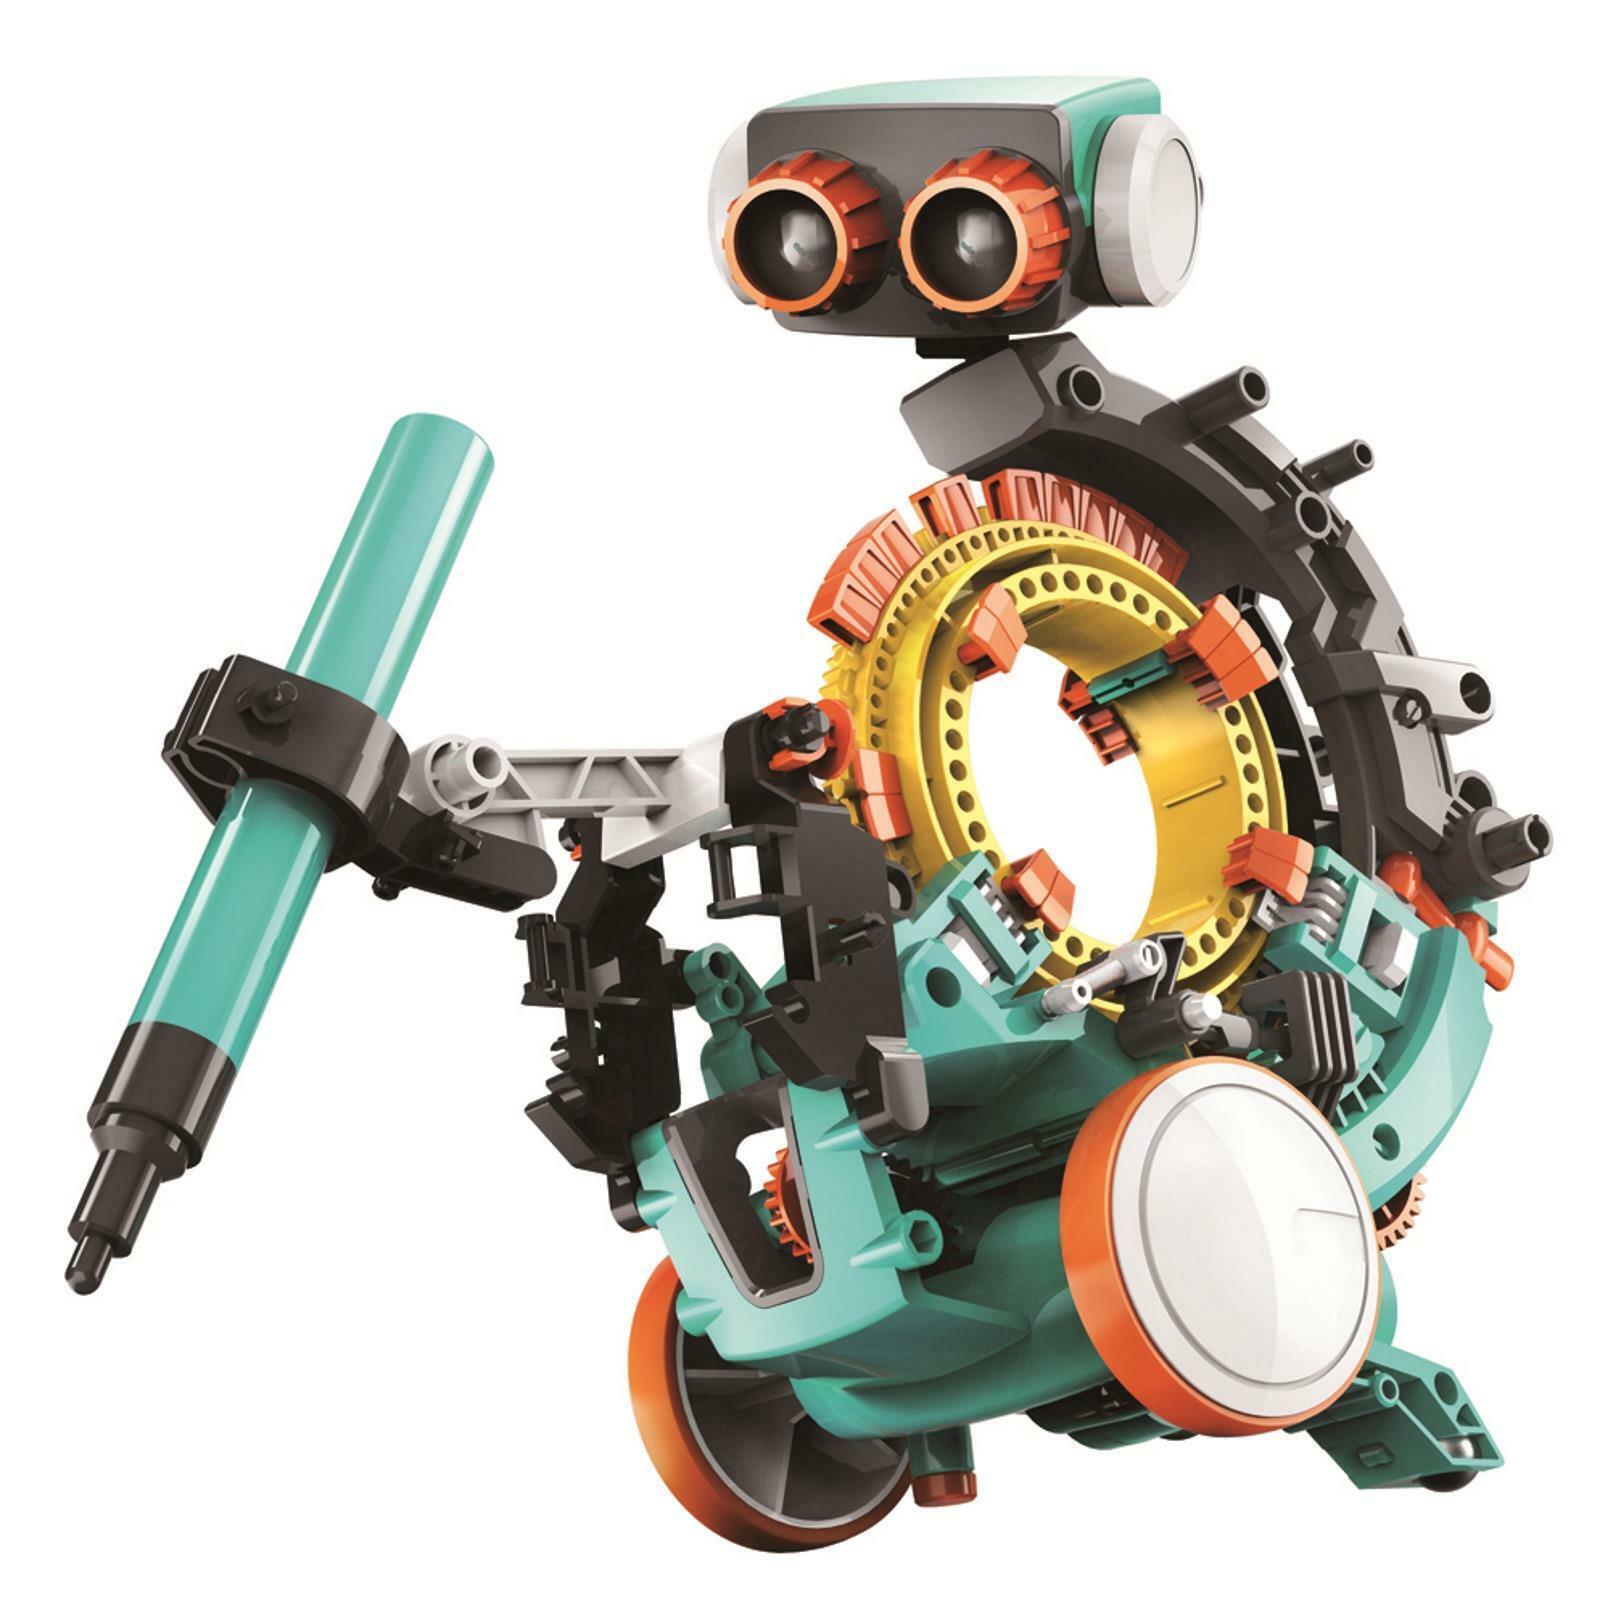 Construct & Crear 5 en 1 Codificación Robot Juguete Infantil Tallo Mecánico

---

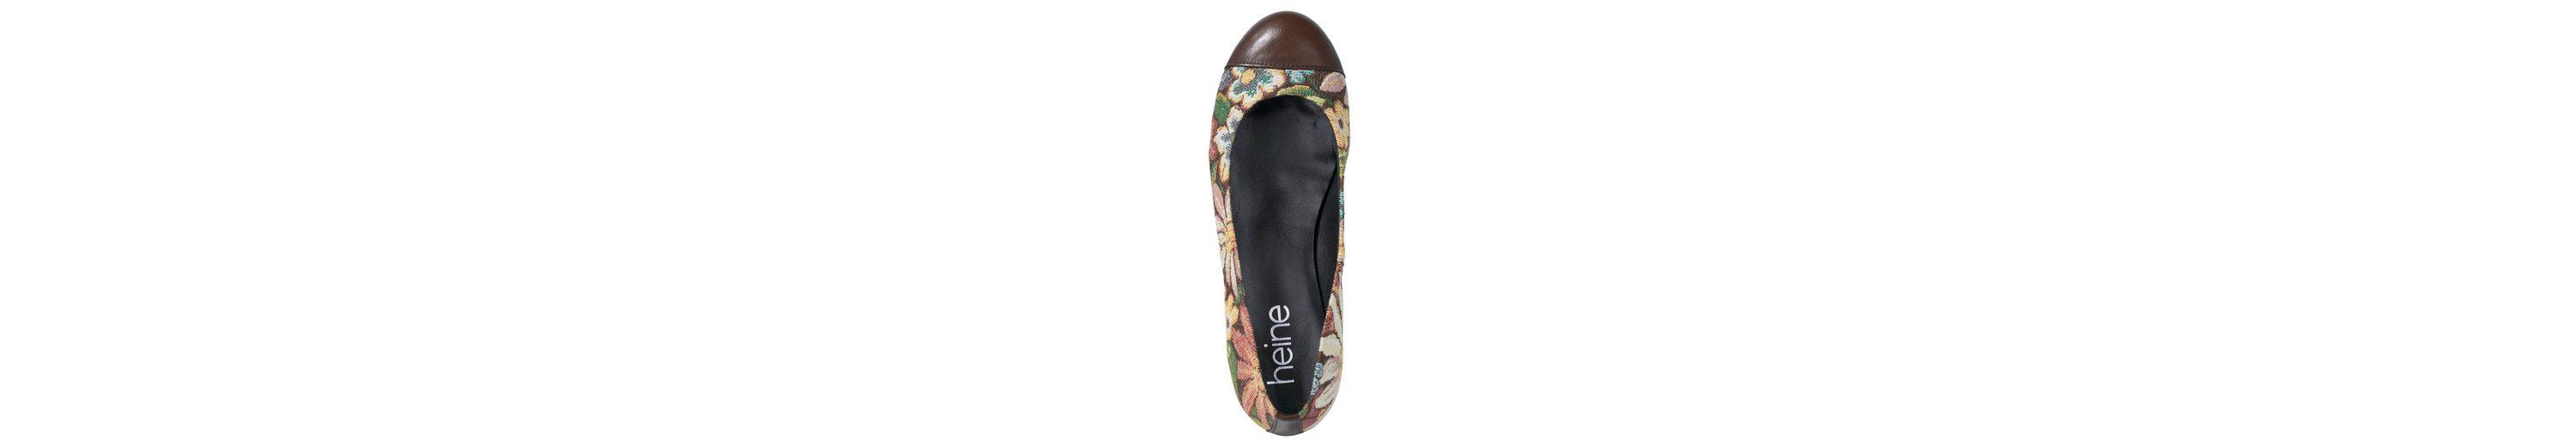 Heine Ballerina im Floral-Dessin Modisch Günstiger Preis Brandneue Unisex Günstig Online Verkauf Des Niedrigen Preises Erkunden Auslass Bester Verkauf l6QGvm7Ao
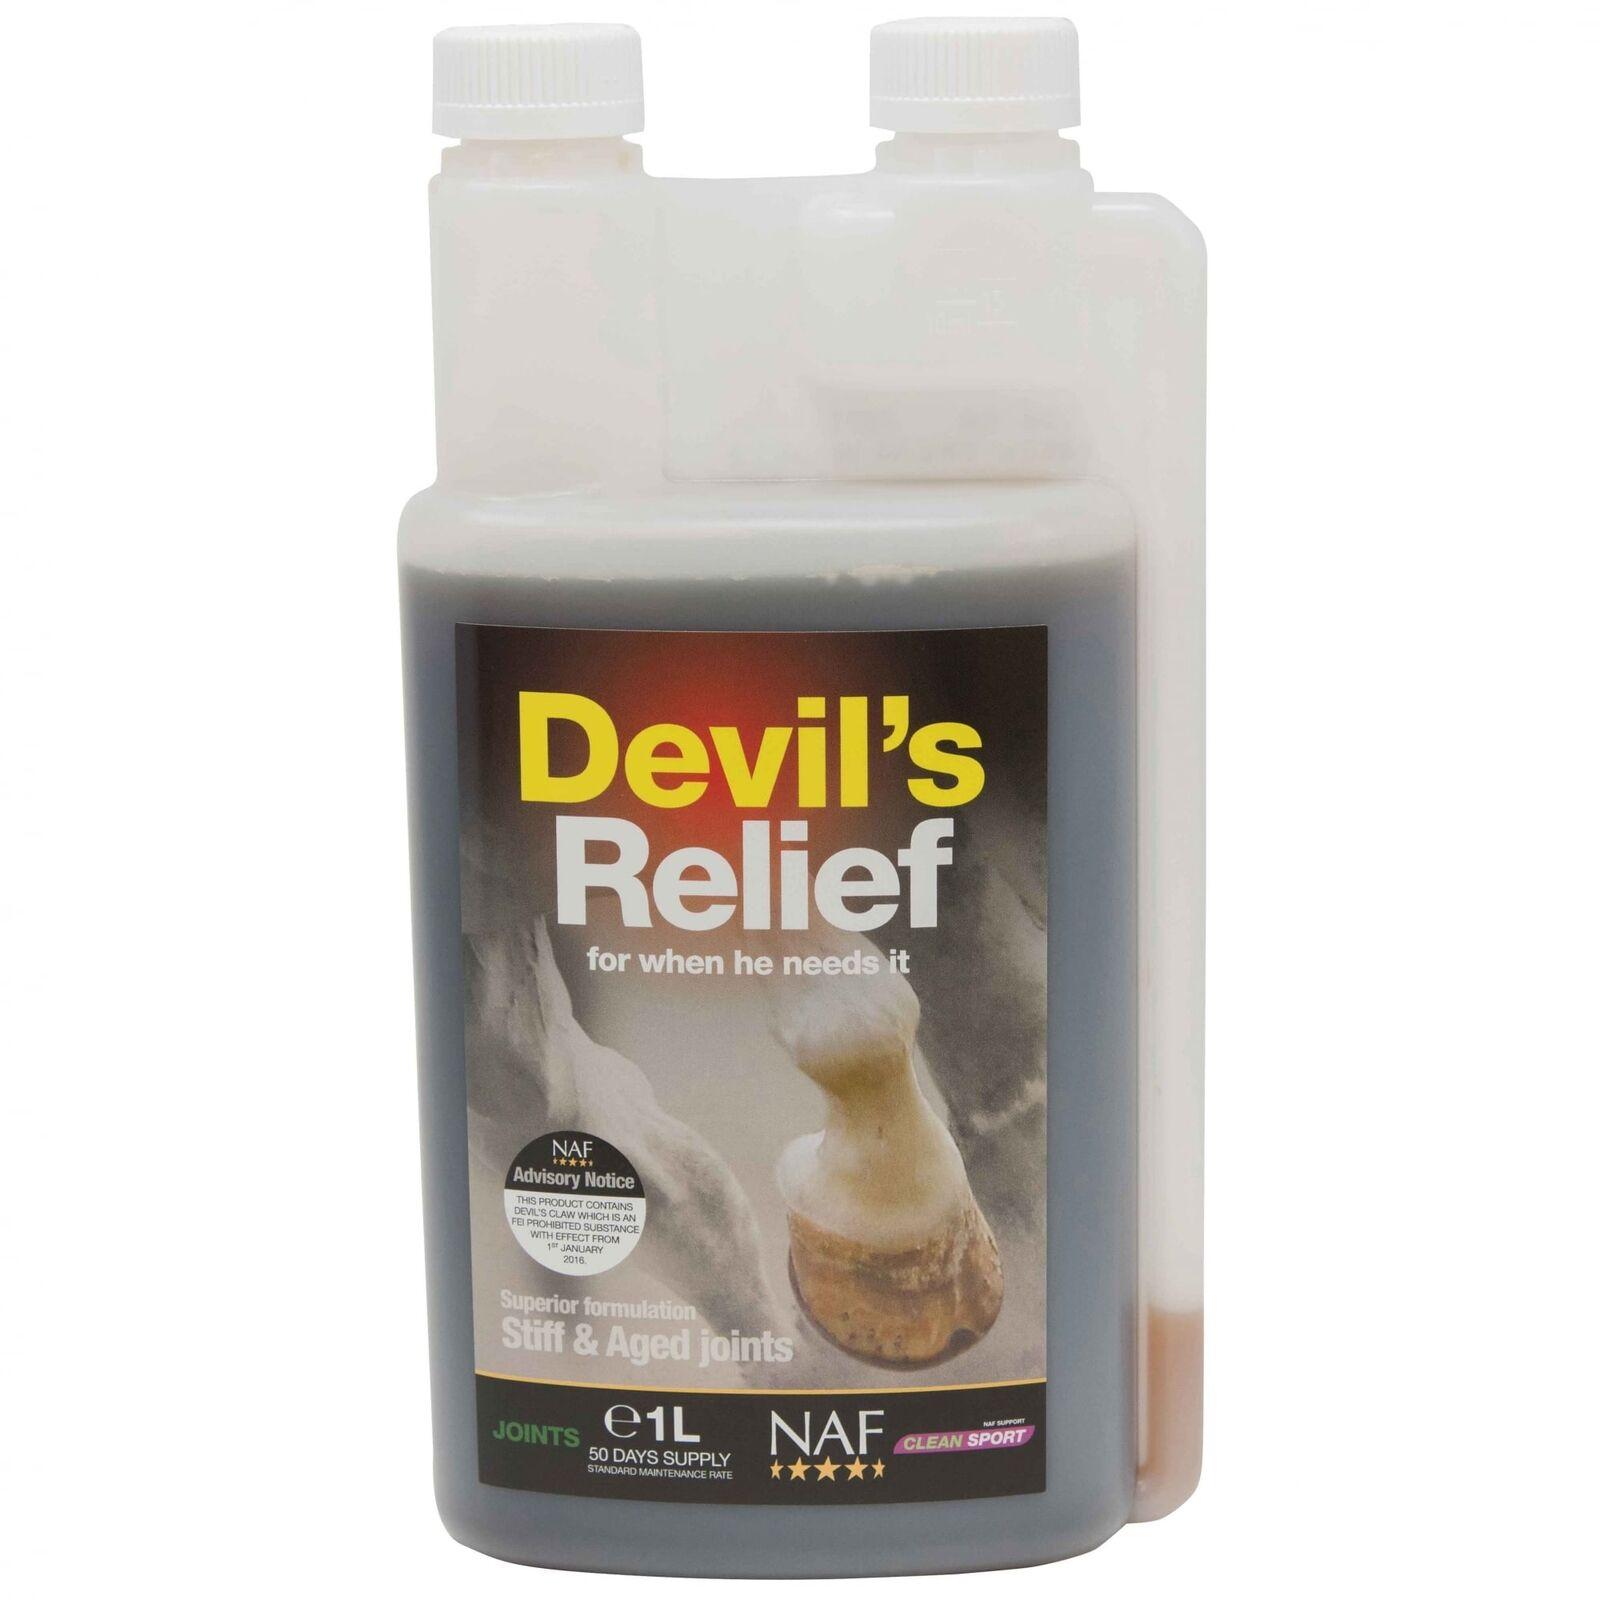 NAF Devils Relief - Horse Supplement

---

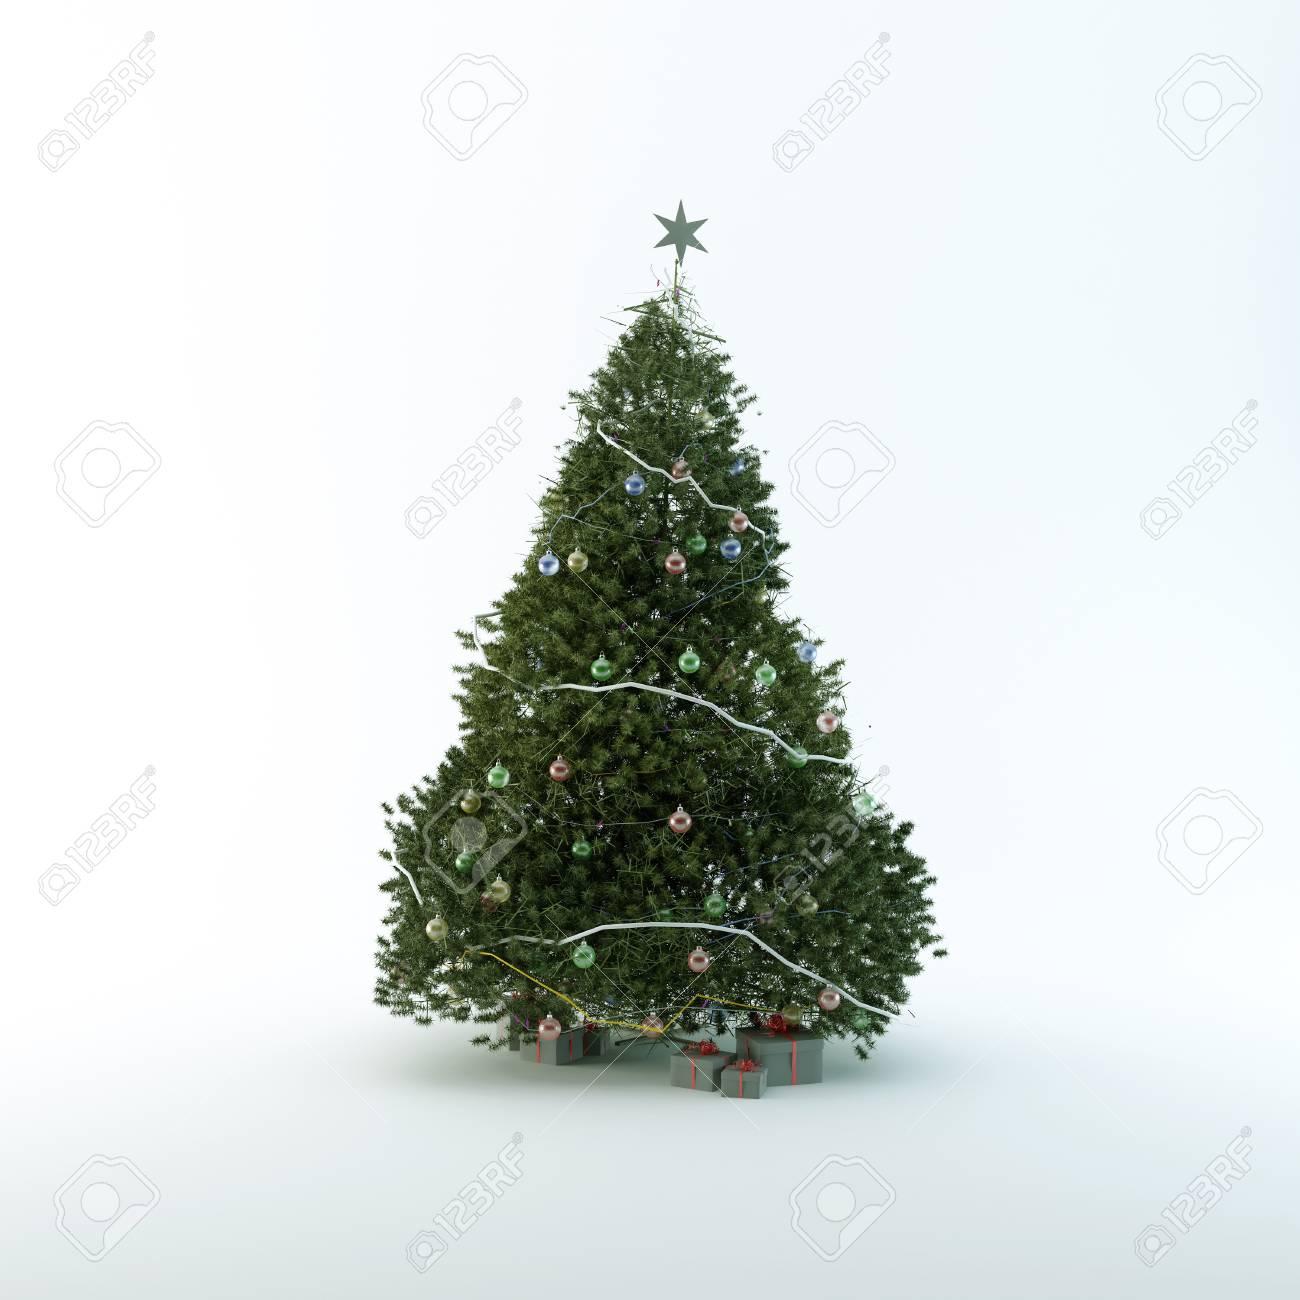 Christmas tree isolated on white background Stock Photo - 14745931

WHAT YOU SHOULD DO: The stretch above running from the line with "Heine Ballerina im" through the line with "NAF Devils Relief - Horse Supplement" is all you should copy, exactly, leaving out the pictures.

RESPONSE AREA:
 Heine Ballerina im Floral-Dessin Modisch Günstiger Preis Brandneue Unisex Günstig Online Verkauf Des Niedrigen Preises Erkunden Auslass Bester Verkauf l6QGvm7Ao
 NAF Devils Relief - Horse Supplement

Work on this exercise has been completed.